Returning to the growth equation, sales growth over the past decade has been more pedestrian at less than 4% annually (the credit crisis has a lot to do with this), but profit growth has been solid, at more than 15% annually. Bad debts did rise dramatically during the Great Recession, but snapped back even more dramatically since. Net write-offs per average loan are close to 5%, but rivals have much higher rates. For example, Citigroup wrote off more than 8% of its loans recently and saw a peak above 11% during the financial crisis. Amex’s write-off rate remained in the single digits at the worst of the downturn.
The latest piece of good news out of American Express came in the form of moves to boost shareholder returns. In late March, it announced an 11% increase in its dividend as well as plans to repurchase 150 million shares. The dividend increase was the first since 2007, just before the credit crisis. It will boost the quarterly payout to $0.20 per share, up from $0.18 per share.
The dividend yield will now be 1.4%, or right around the industry average. Investors familiar with Buffett know he focuses on overall company growth, rather than solely on dividends. And as the world moves away from cash payments and adopts plastic, Amex’s premium brand recognition is likely to attract more high-end customers from developing economies. This should lead to further growth in sales, profits and dividends over the long-run. Share buybacks help too, as they help boost per-share earnings over time.
Risks to Consider: Shares of American Express are currently bumping up against their highs over the past year. A quick run-up so far this year could mean the stock stops to take a breather, but future growth is what is most important for investors. In fact, Buffett has established several positions in stocks trading at their highs because he expects continued strong growth in the years to come.

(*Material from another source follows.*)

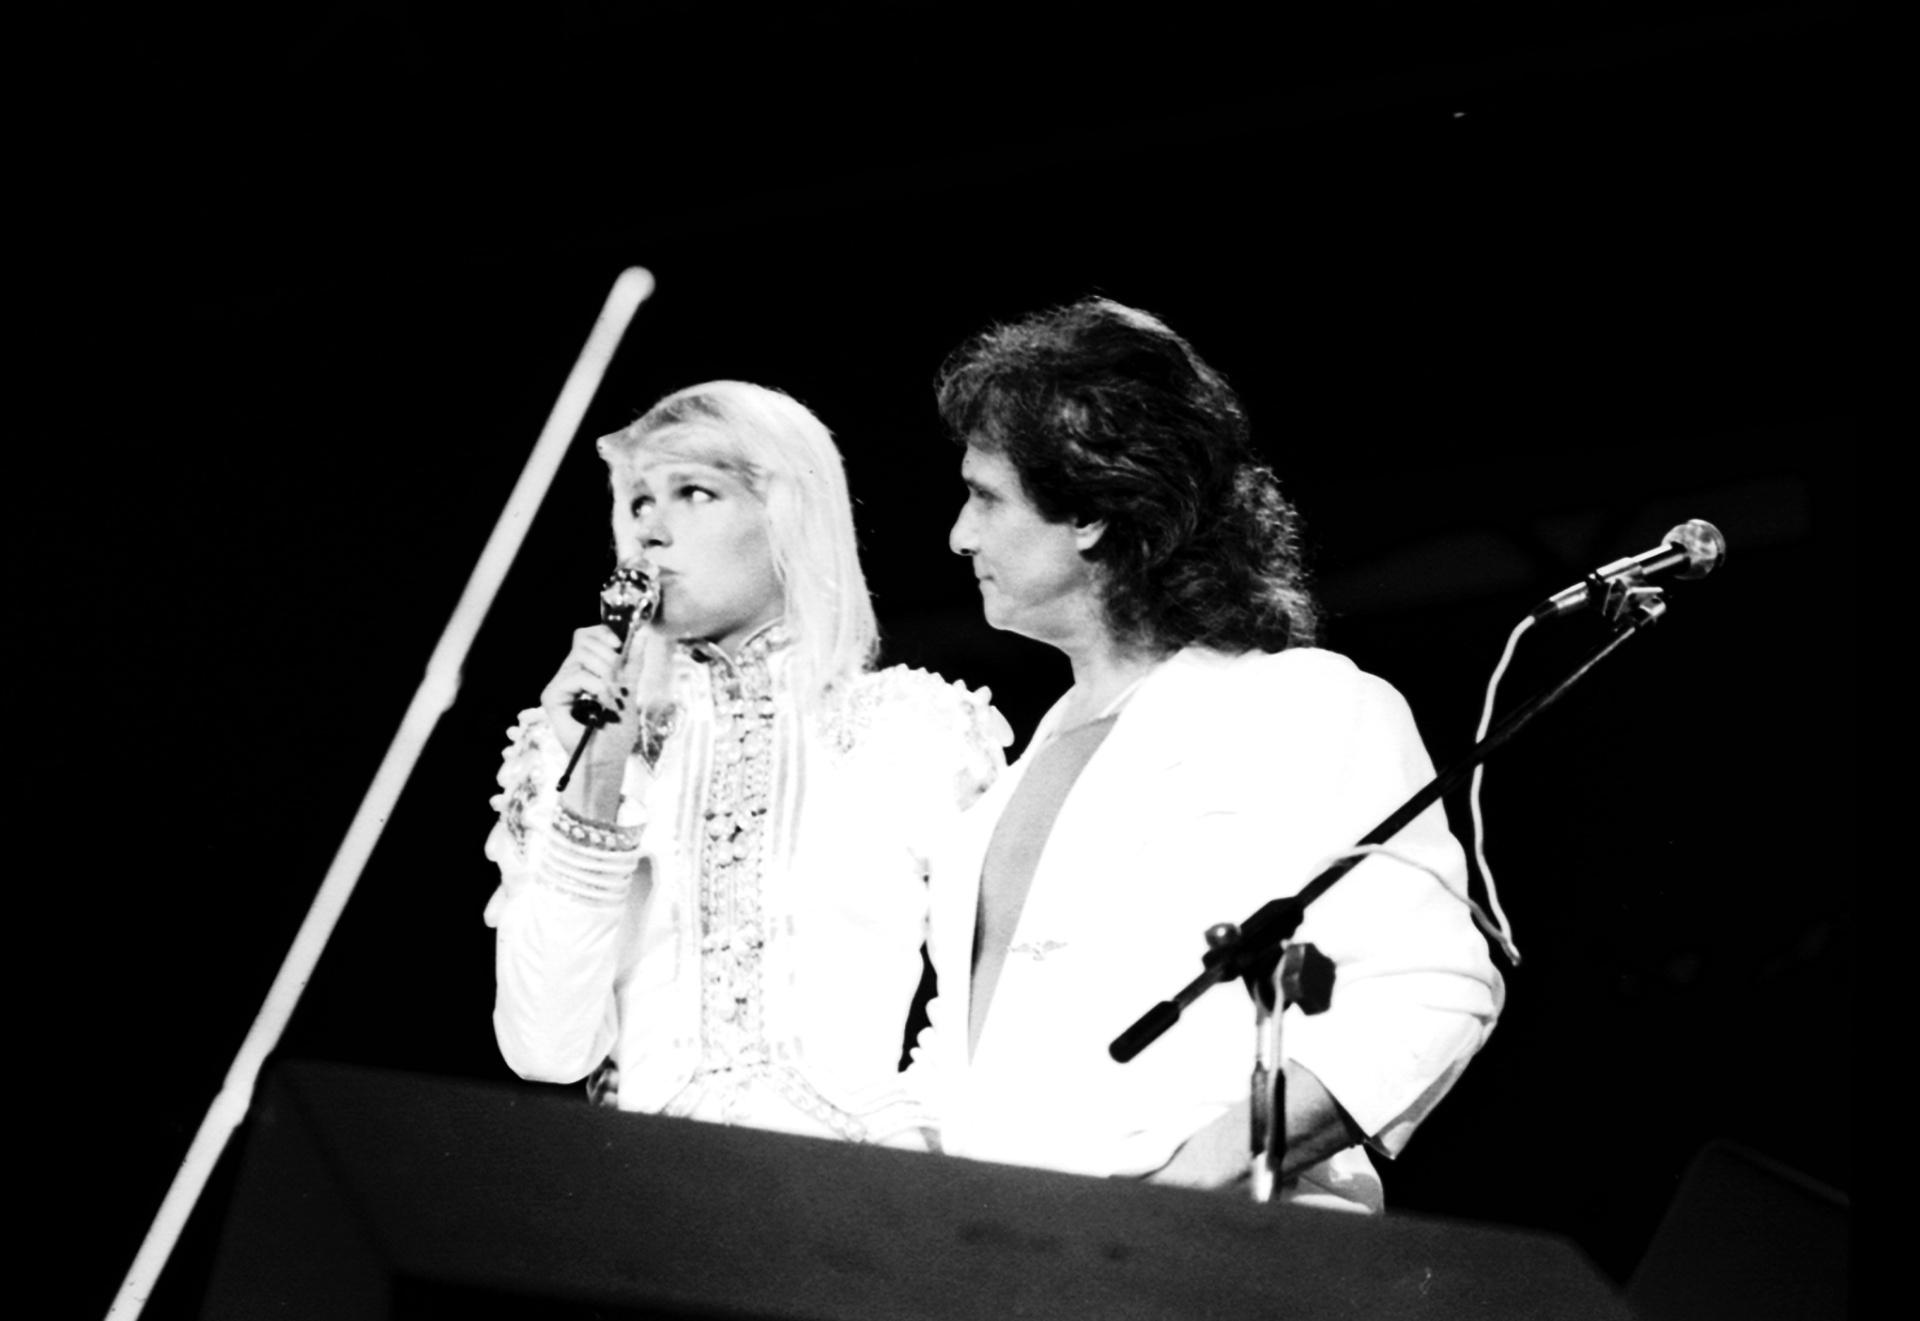 Roberto Carlos canta com a apresentadora Xuxa no especial de1990

Action to Take –> American Express currently trades at a forward P/E ratio of about 13.4. This is still quite reasonable in light of the recent run in the stock. And by reasonable, I mean that the multiple is still about 10% shy of its average valuation over the past five years. It is also well below the market average of 15.5 and the industry average of 14.8. Given American Express’ easy-to-understand business model and stellar track record that has spanned many decades now, it should easily trade at a premium to the market and its key rivals. In other words, despite a strong recent run, it should still warrant consideration as a Forever Stock in many investor portfolios.